The Catholic church in Mocímboa da Praia was attacked by armed extremists on 27 and 28 June 2020

Alarmed by jihadist attacks in northern Mozambique, the European Parliament’s Committee on Foreign Affairs has called for decisive action to stop the country becoming a hub of Islamist terrorism.

A debate on the matter, which took place on Monday 6 July, followed the EU Committee on Foreign Affairs receiving fresh information about Islamist group Al Sunnah wa Jama’ah’s occupation of a port town in Cabo Delgado province.

The committee called on the European Commission and the European External Action Service (EEAS) to help the government of Mozambique respond to the crisis. Erminia Notarangelo, EEAS head of the Southern Africa and Indian Ocean division, told the committee that “Africa cannot afford to allow itself yet another region under terrorist rule” and that more than 500,000 people had been affected by the jihadists’ actions.

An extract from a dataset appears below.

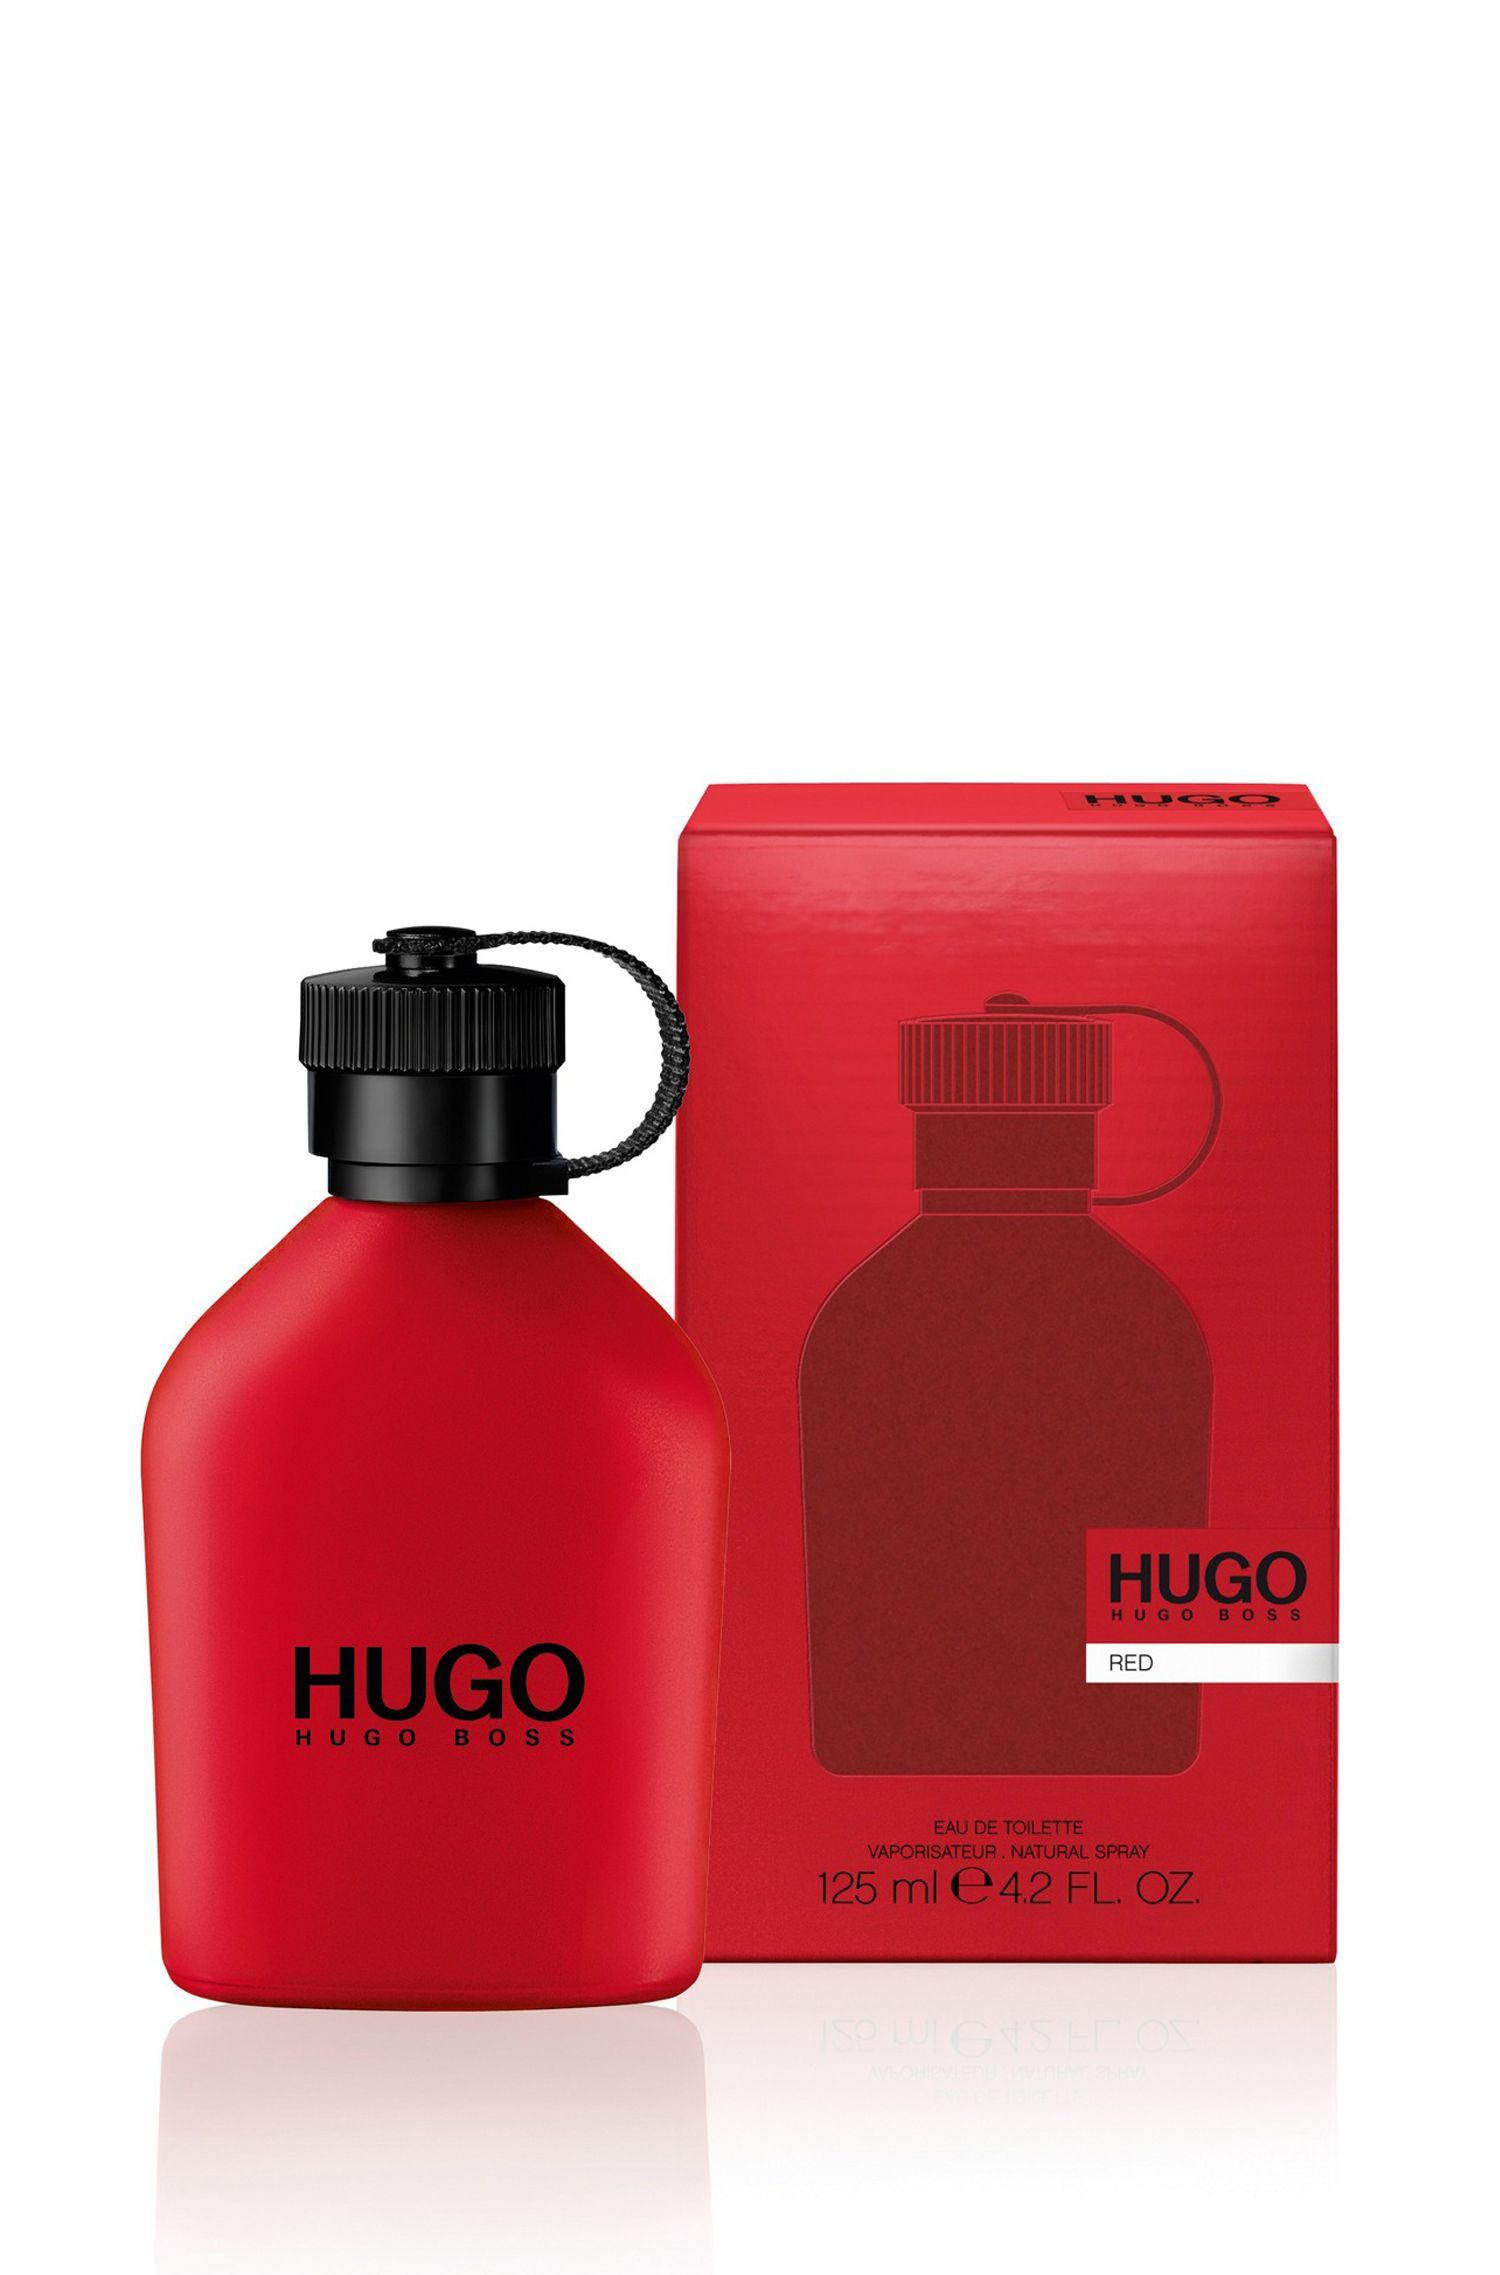 'HUGO Red' | 4.2 fl. oz. (125 mL) Eau de Toilette

Paulo Rangel, Portuguese MEP and vice president of the EPP (European People’s Party parliamentary group), told the committee that the situation is “extremely worrying. At the moment there are more than 200,000 refugees and there might be more than 1,000 deaths … I am really very worried.”

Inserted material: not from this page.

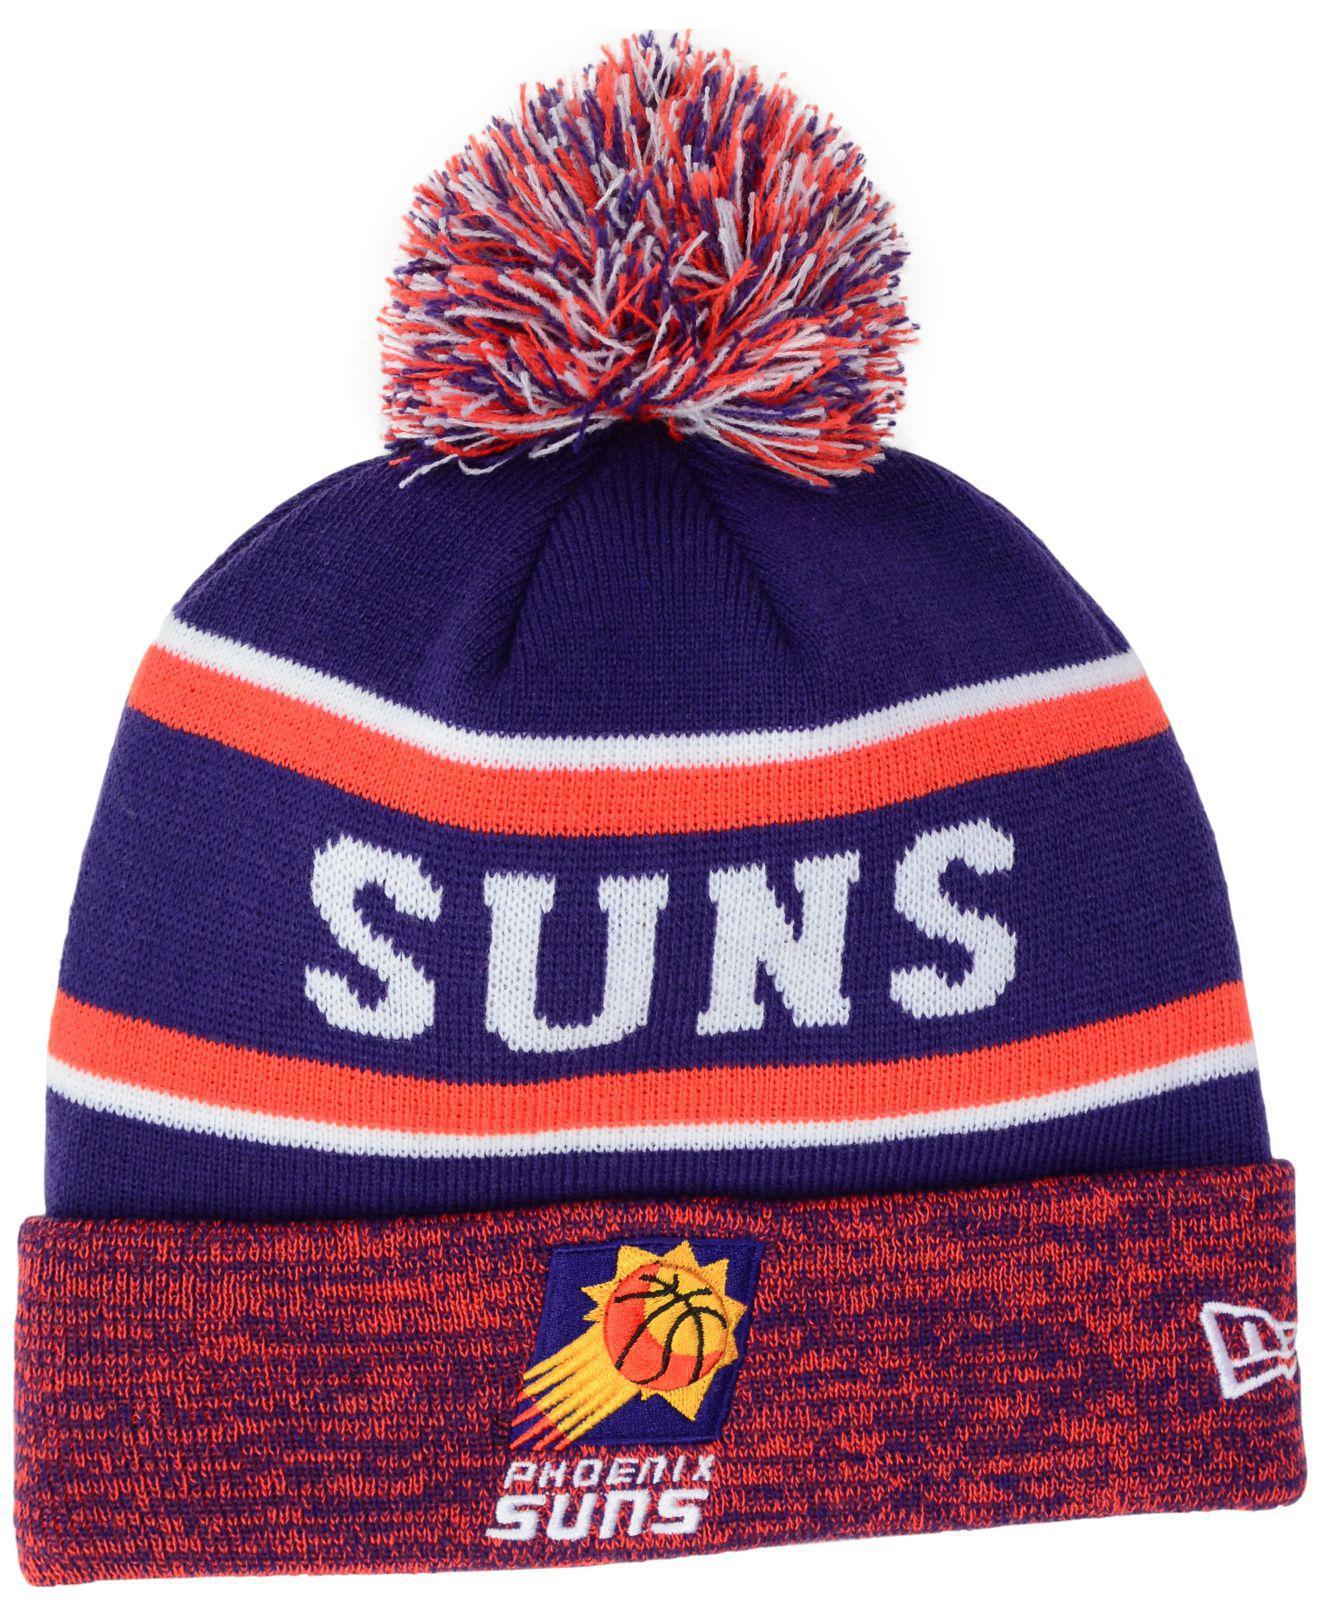 quality design b0a14 7e733 ... sweden low price lyst ktz phoenix suns hwc marled cuff knit a8526 97f0d  8e5ea 3c78e

Mr Rangel stressed that the gas deposits off the coast of Mocímboa da Praia were bigger than those in Qatar, stating that there is an “enormous interest in the natural gas reserves”.

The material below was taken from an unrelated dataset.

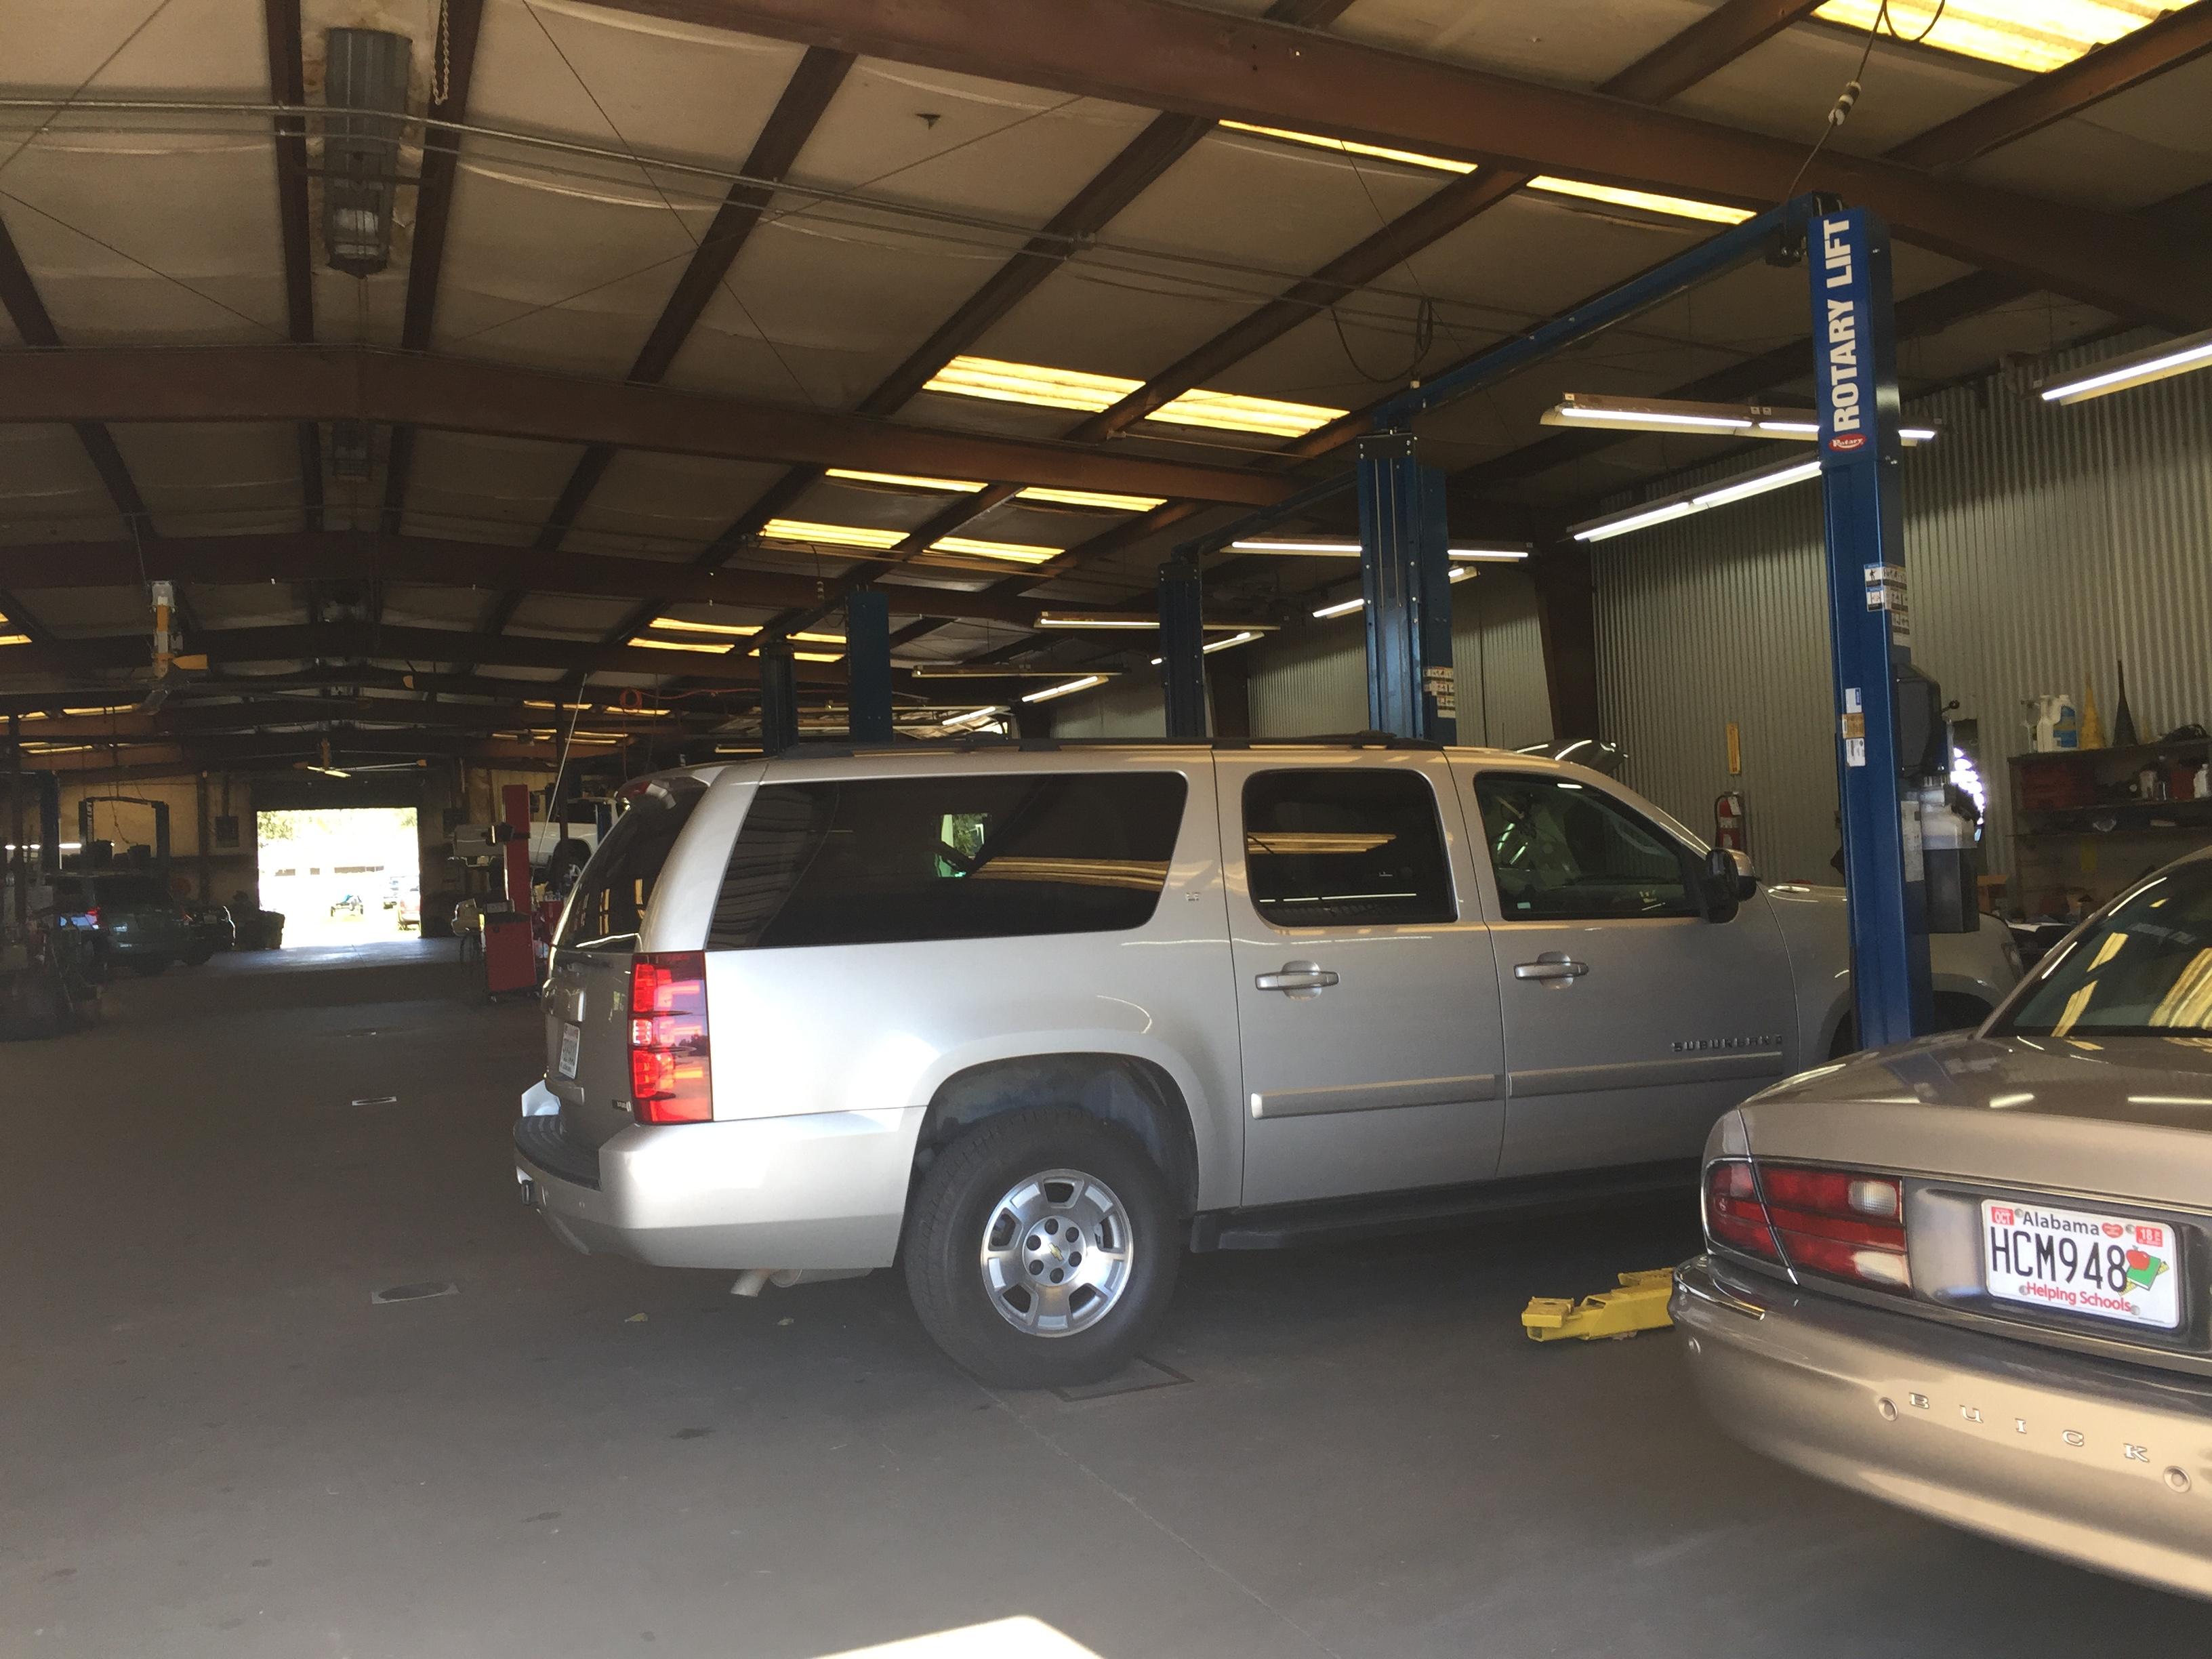 Haigler Auto Services image 4

Speaking to Catholic charity Aid to the Church in Need (ACN) following the meeting, Mr Rangel said the Affairs Committee’s discussion had been “a first step towards the European Union once again putting Mozambique at the centre of its humanitarian concerns”. Mr Rangel underlined the lack of up-to-date information about the situation in northern Mozambique, saying, “I was fortunate enough to obtain all this information via the foundation ACN International, which is in contact with the local Catholic Church.”

ACN’s dossier included photographs showing the destruction of buildings including the town’s Catholic church, Januário Pedro secondary school and the district hospital. Mr Rangel added that he would ask Josep Borrell, the EU High Representative for Foreign Affairs, for “an immediate meeting”.